#### Aim of the exercise
Print the listing below again, exactly. Skip the pictures.

#### Raw data
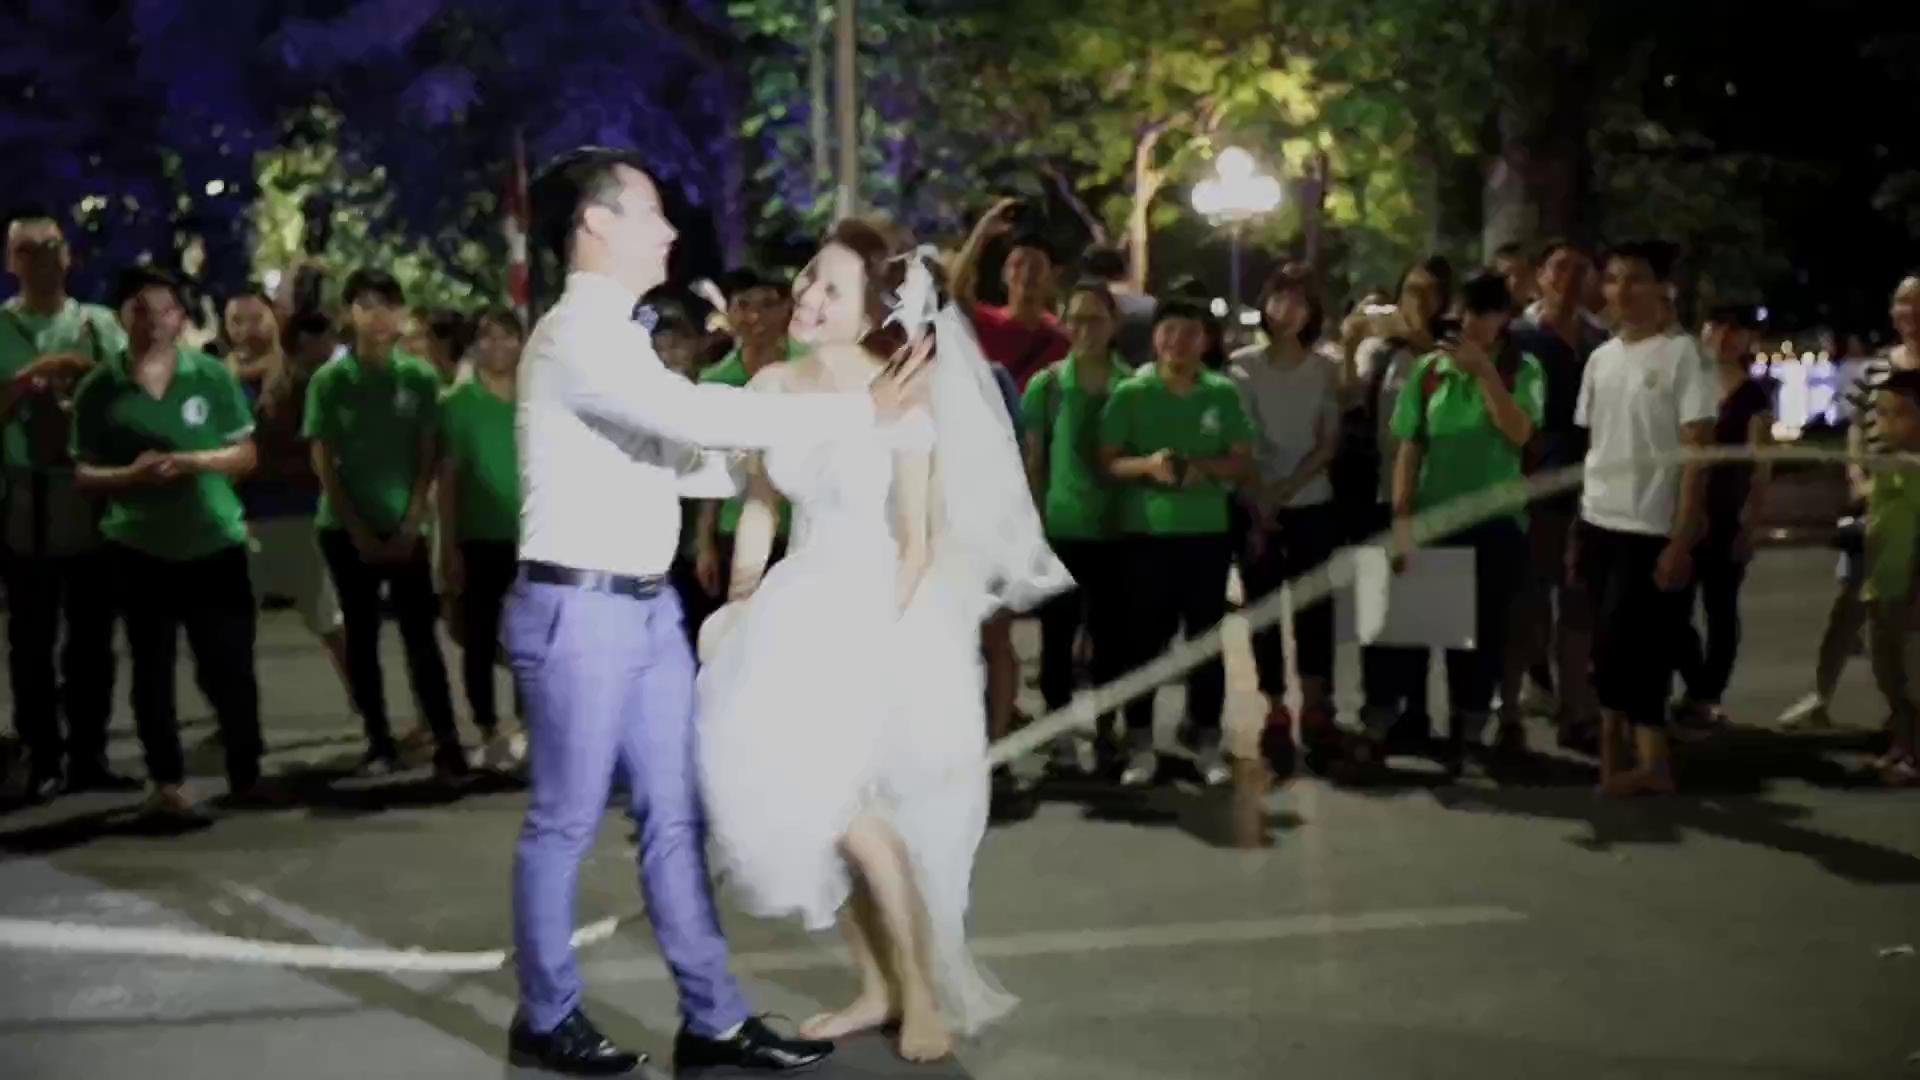 Việc cô dâu chú rể xuất hiện đã nhận được sự quan tâm và ưu ái của các bạn trẻ.
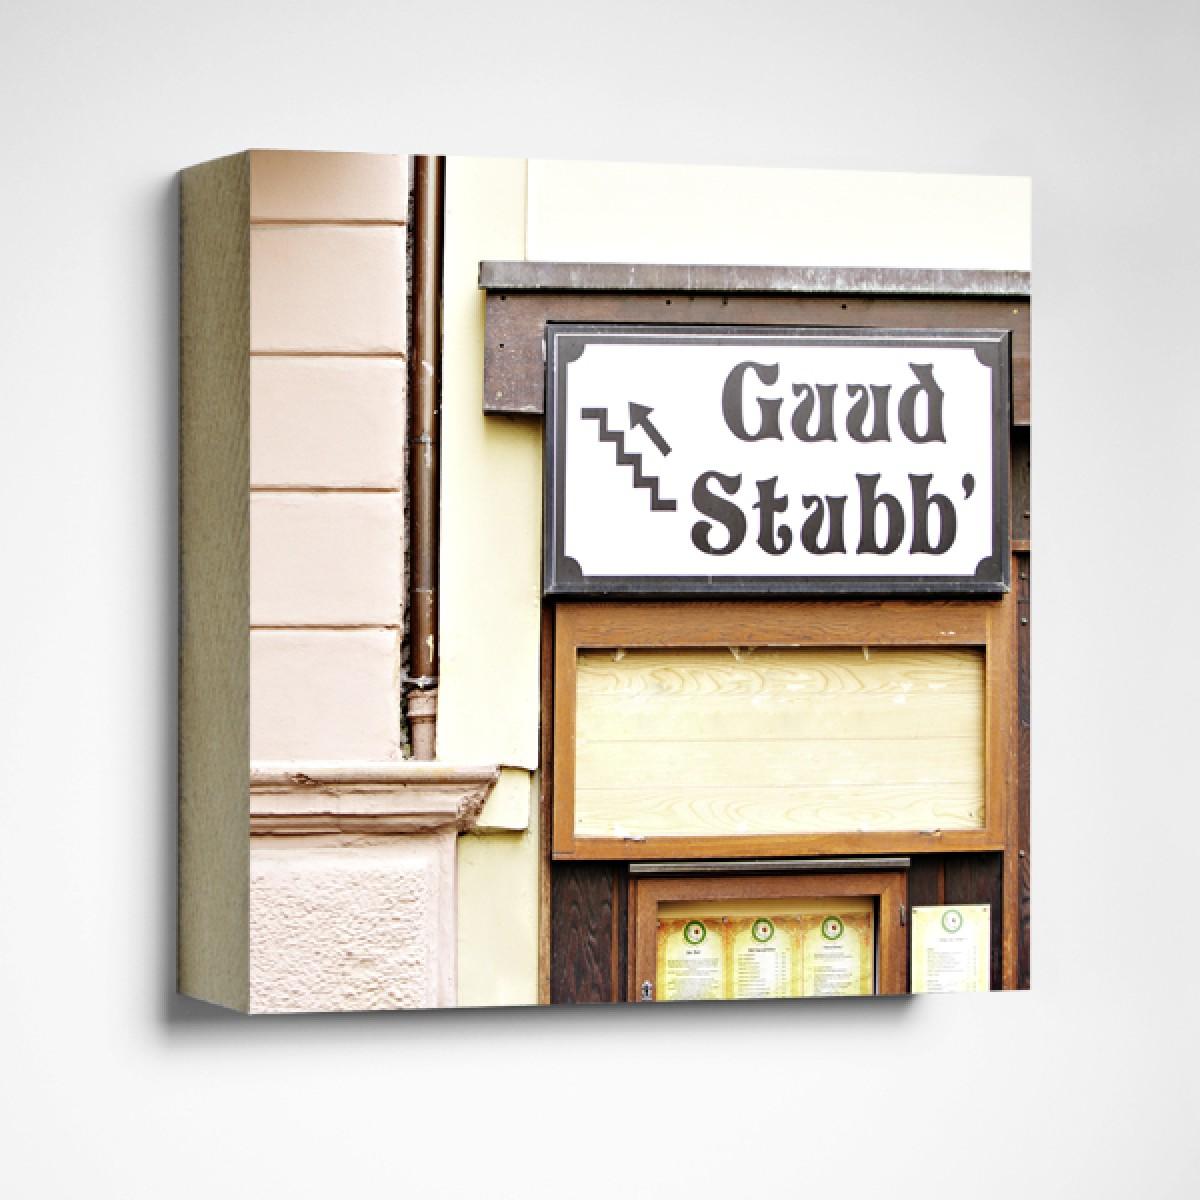 FrankfurterBubb Guud Stubb Foto-Kachel
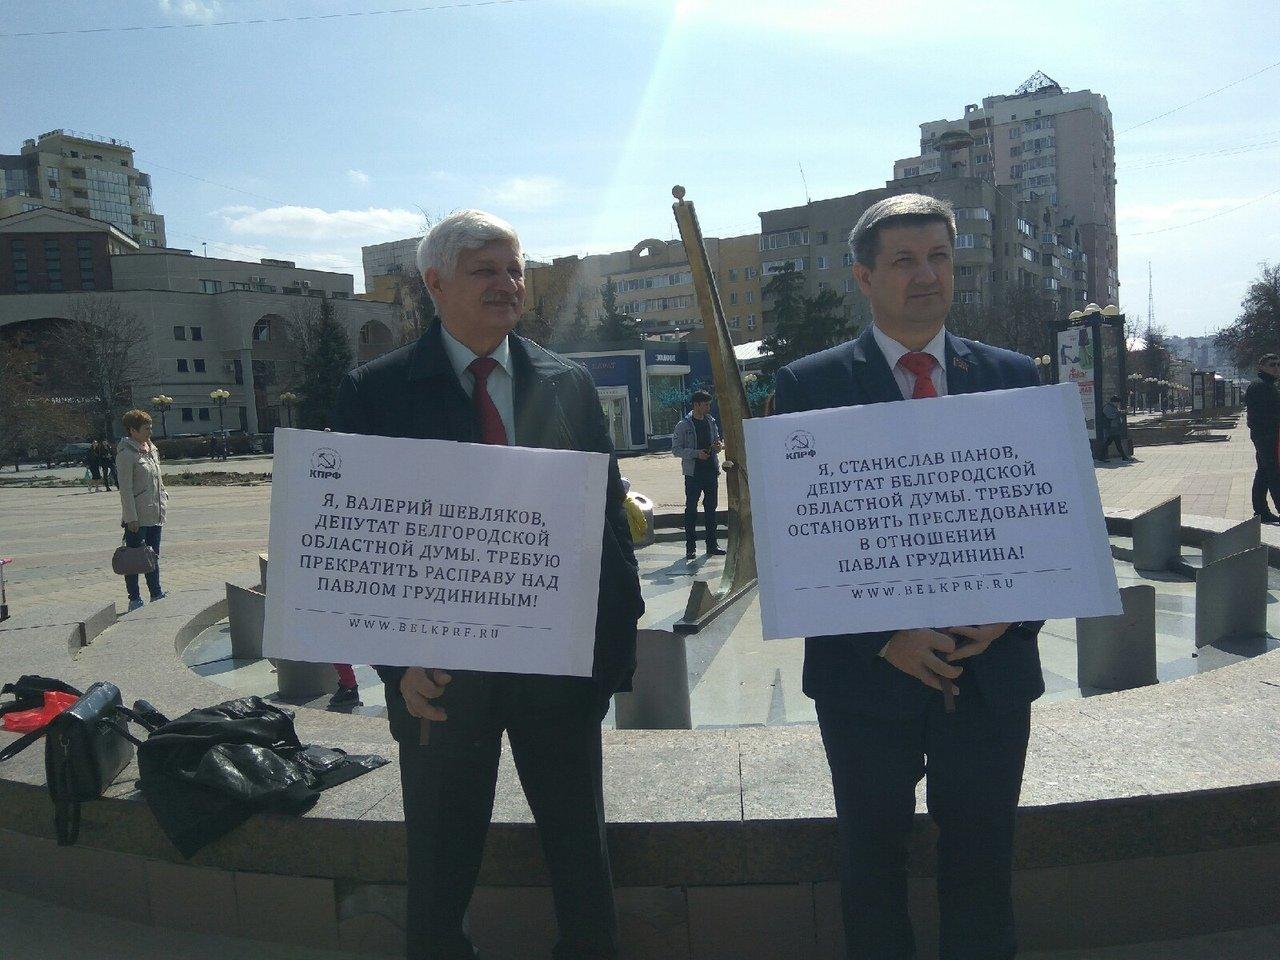 Белгородские депутаты вышли на пикет в защиту Павла Грудинина

#### Task solution
 Việc cô dâu chú rể xuất hiện đã nhận được sự quan tâm và ưu ái của các bạn trẻ.
 FrankfurterBubb Guud Stubb Foto-Kachel
 Белгородские депутаты вышли на пикет в защиту Павла Грудинина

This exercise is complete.